## Exercise directions:
Look below for the line with "Man is by nature a political animal." and the line with "Walter 4 Seater". Copy exactly those two lines and every line between, but not the pictures.

## Information given:
-------------------------

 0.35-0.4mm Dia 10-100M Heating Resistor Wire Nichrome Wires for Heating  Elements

-------------------------

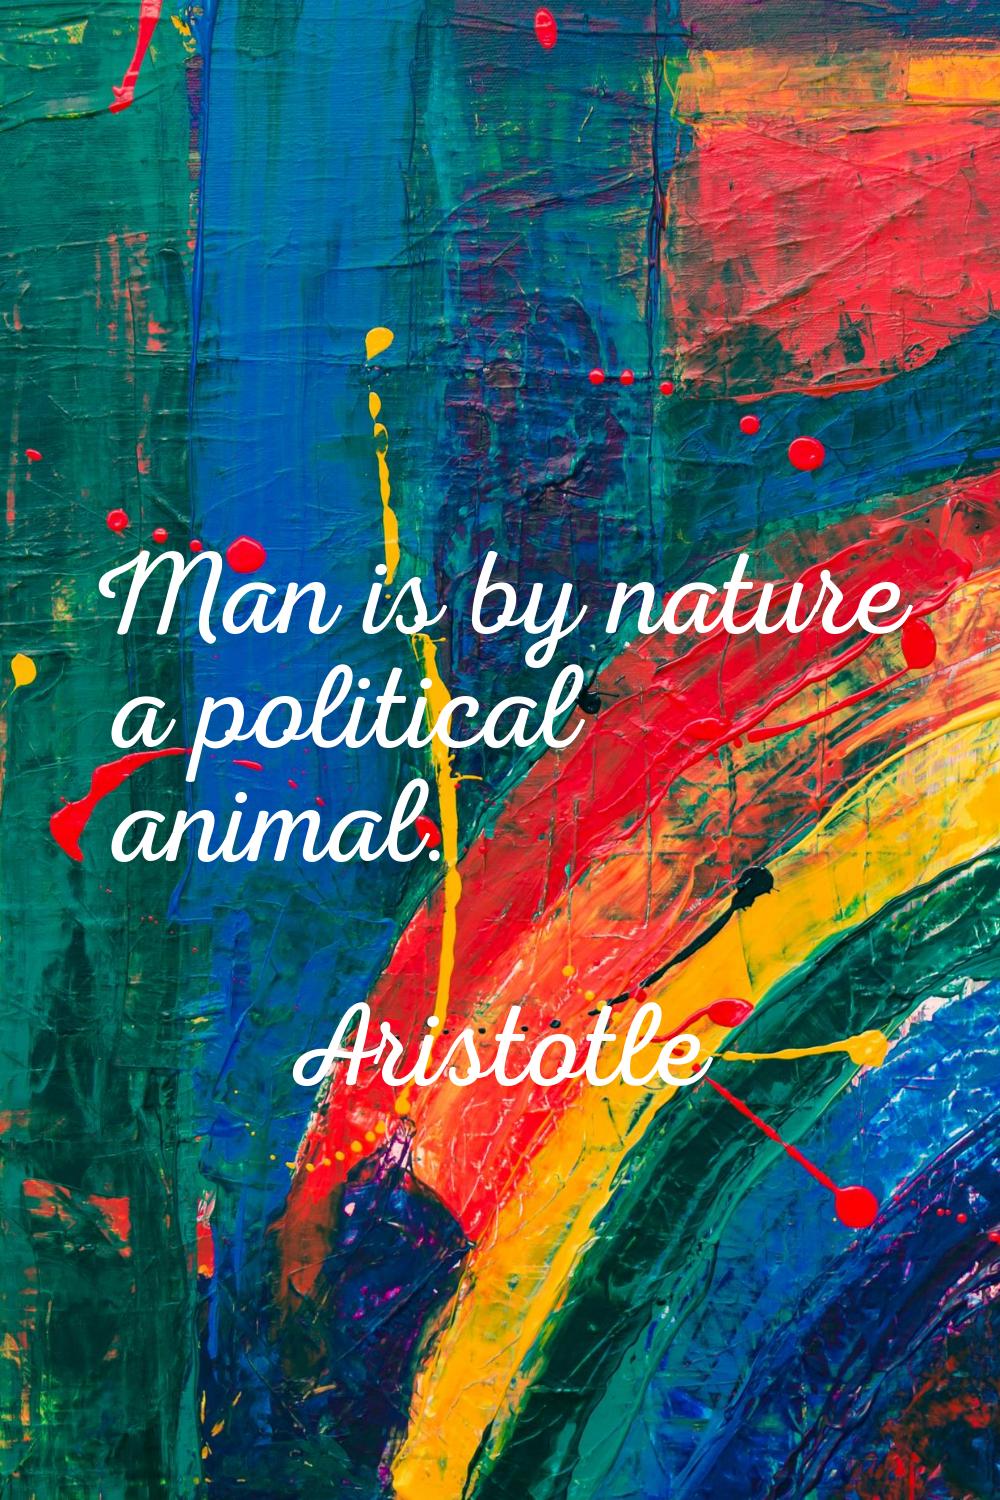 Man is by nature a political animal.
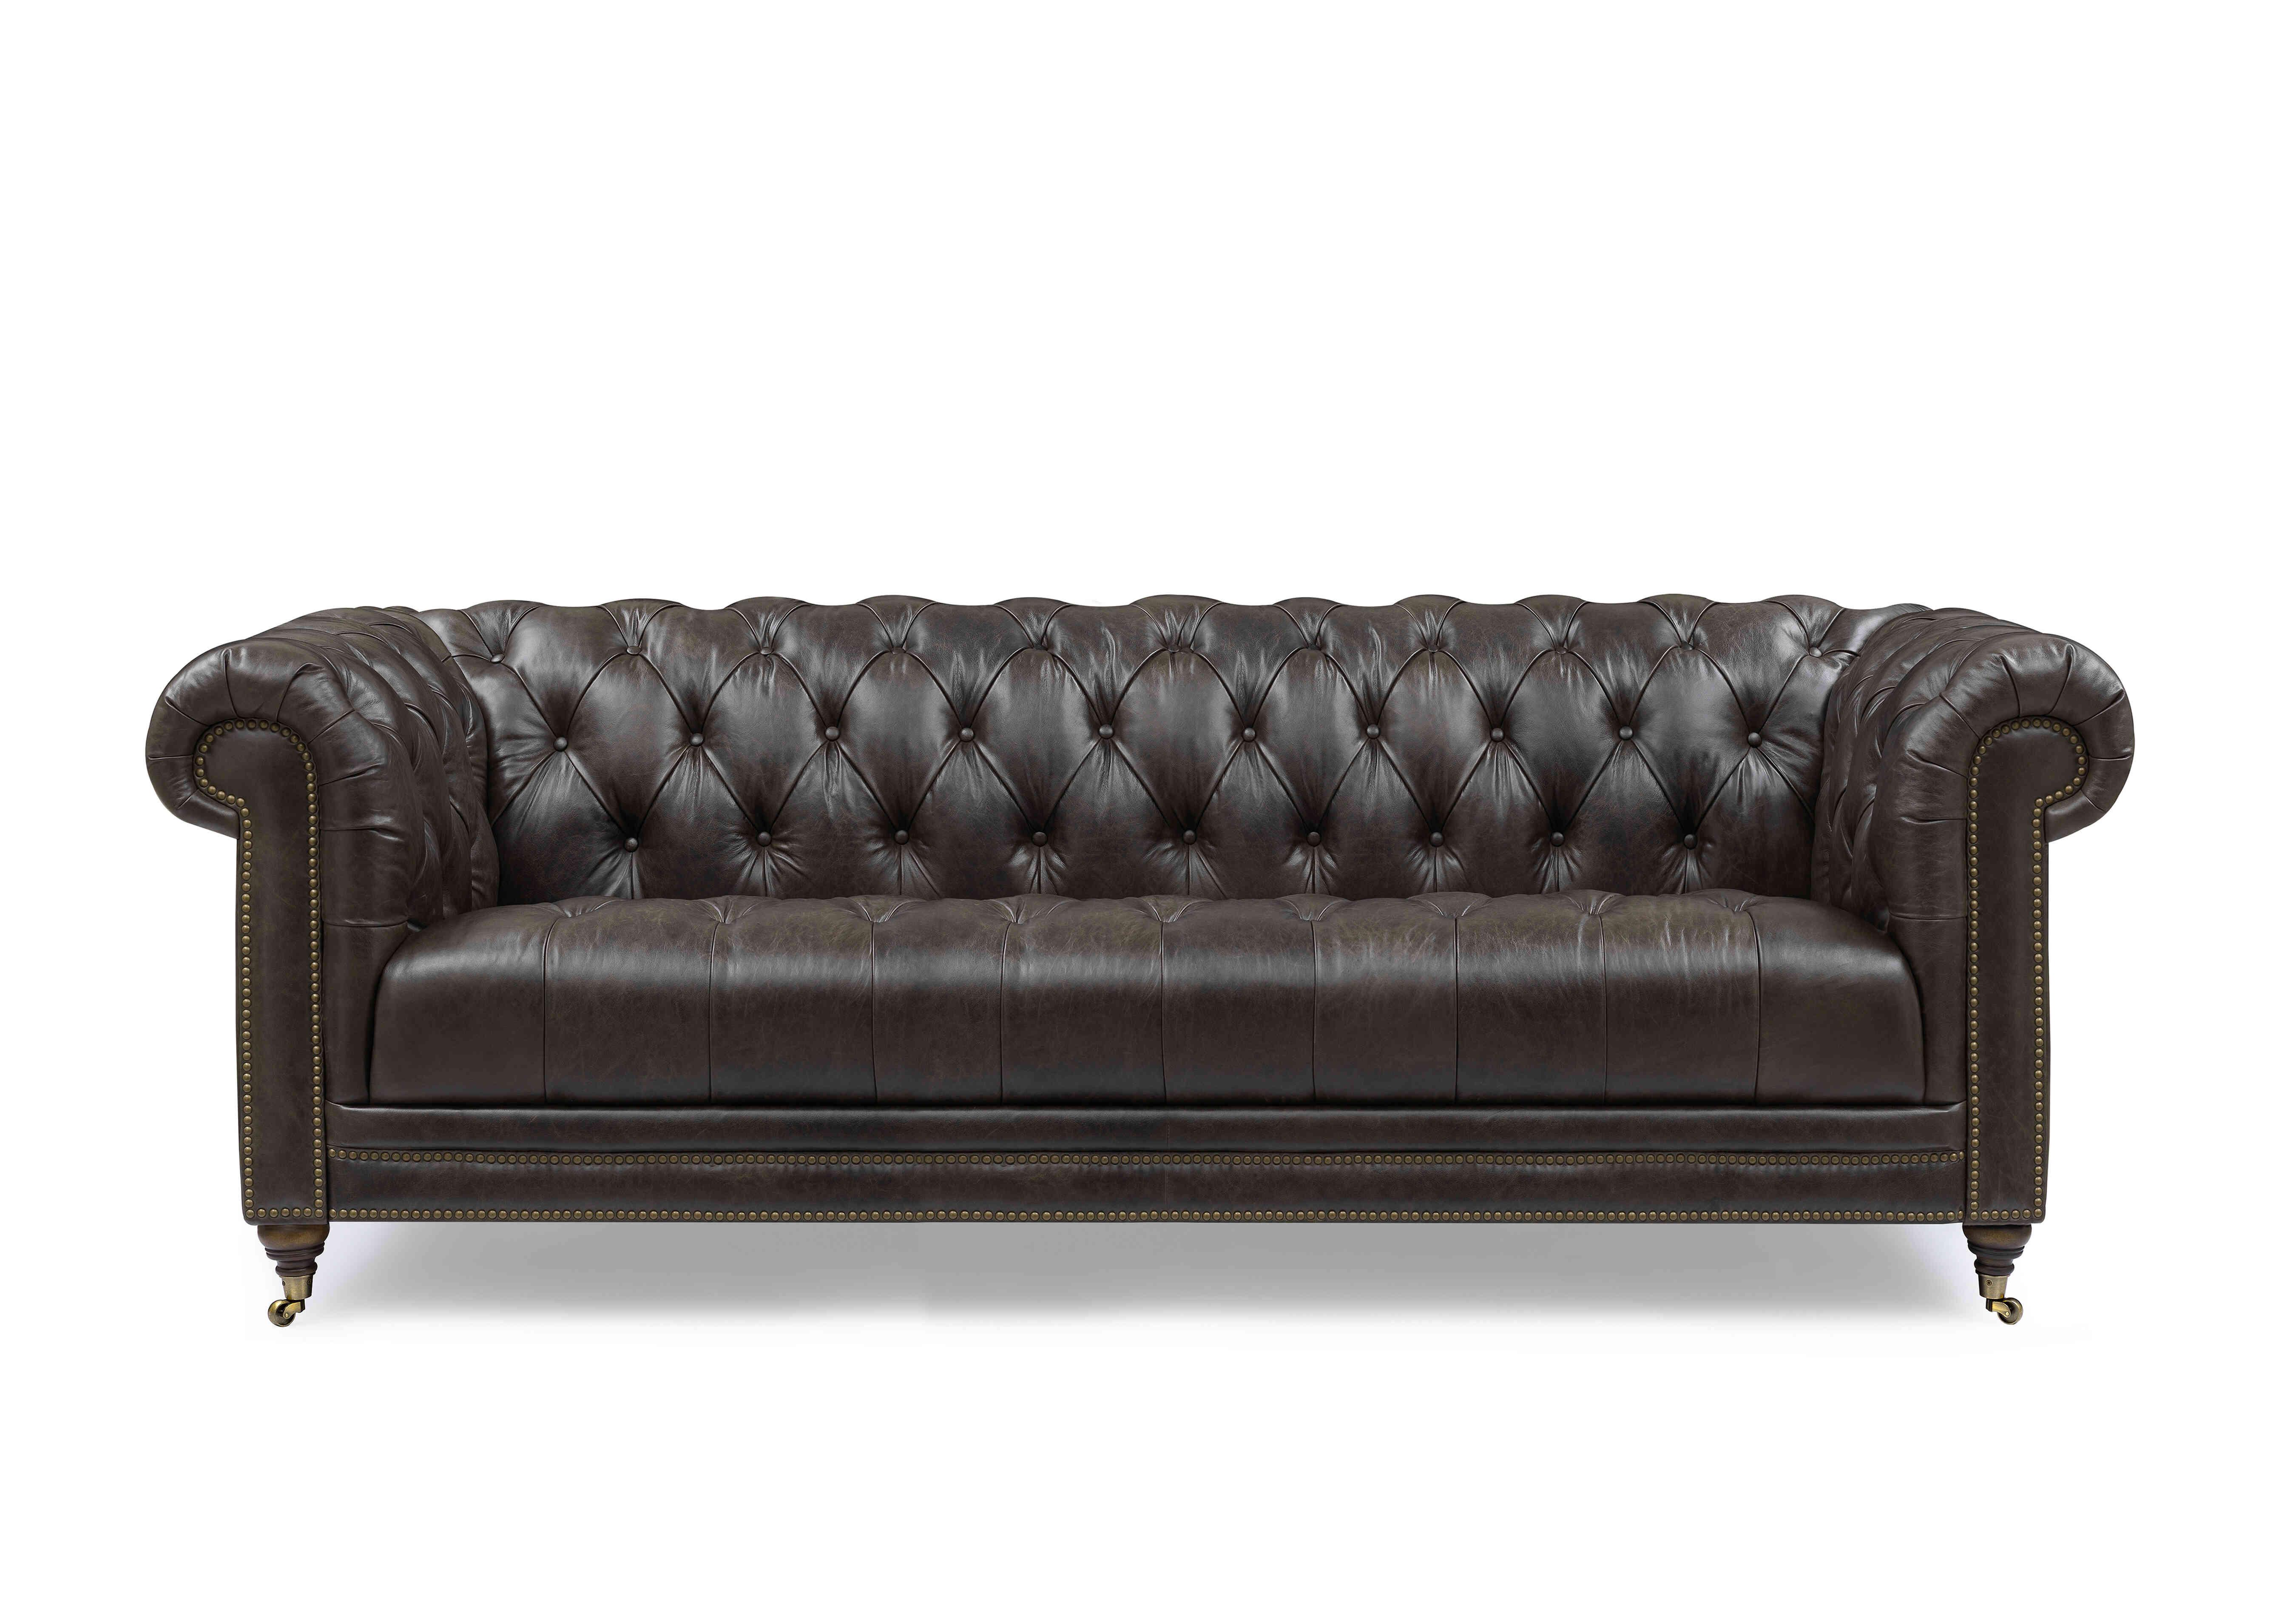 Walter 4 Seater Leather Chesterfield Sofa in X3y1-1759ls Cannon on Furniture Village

-------------------------

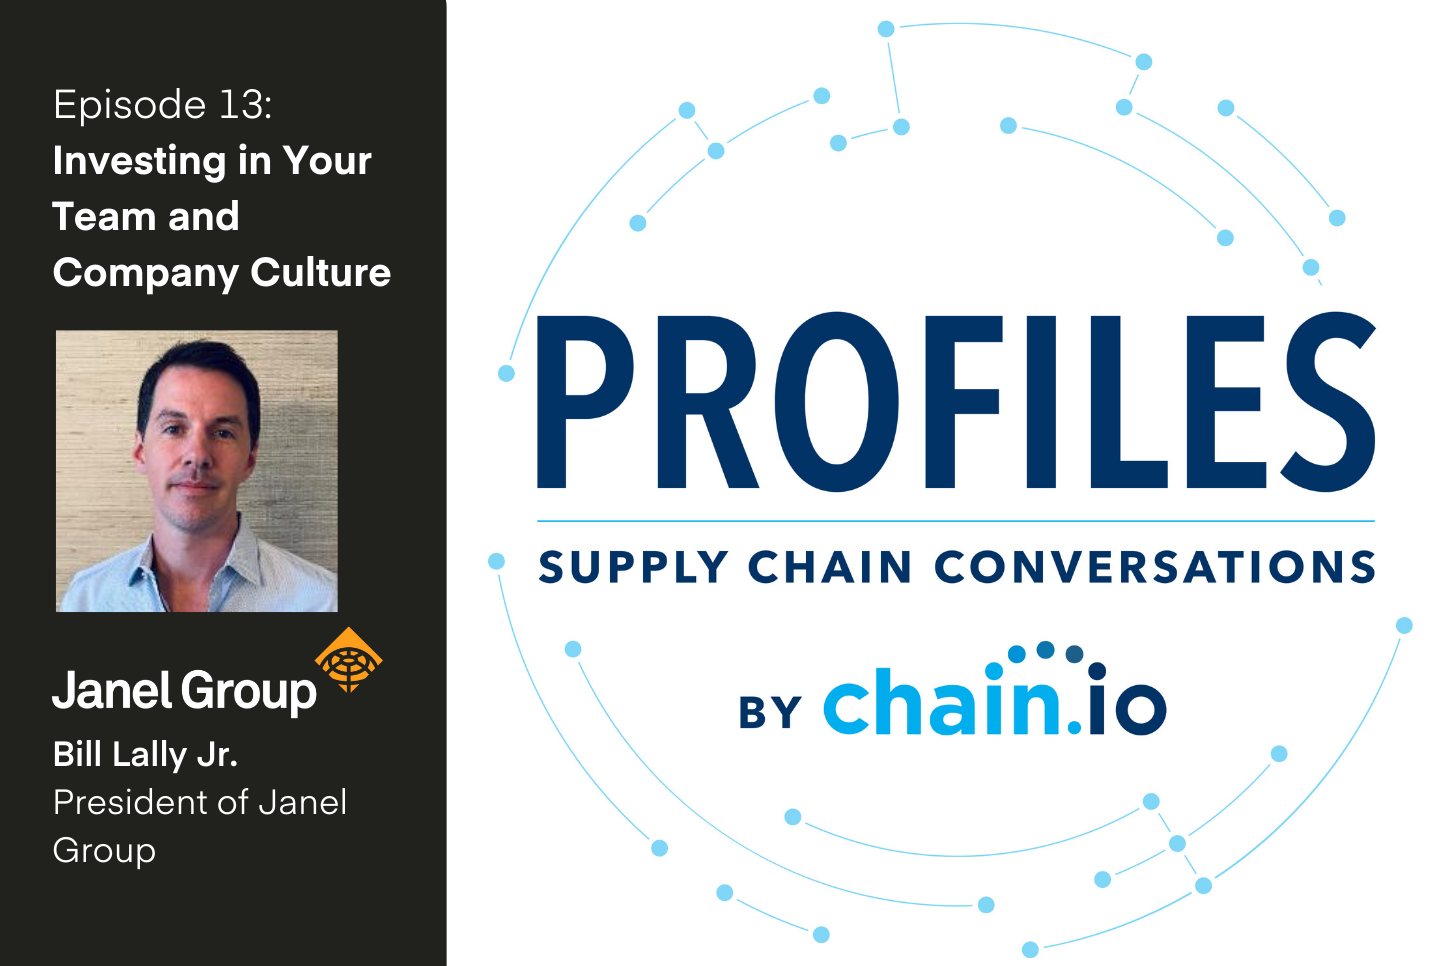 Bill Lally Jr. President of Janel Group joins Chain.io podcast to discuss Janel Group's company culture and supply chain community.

-------------------------

## Solution to the problem:
 Man is by nature a political animal.
 Walter 4 Seater Leather Chesterfield Sofa in X3y1-1759ls Cannon on Furniture Village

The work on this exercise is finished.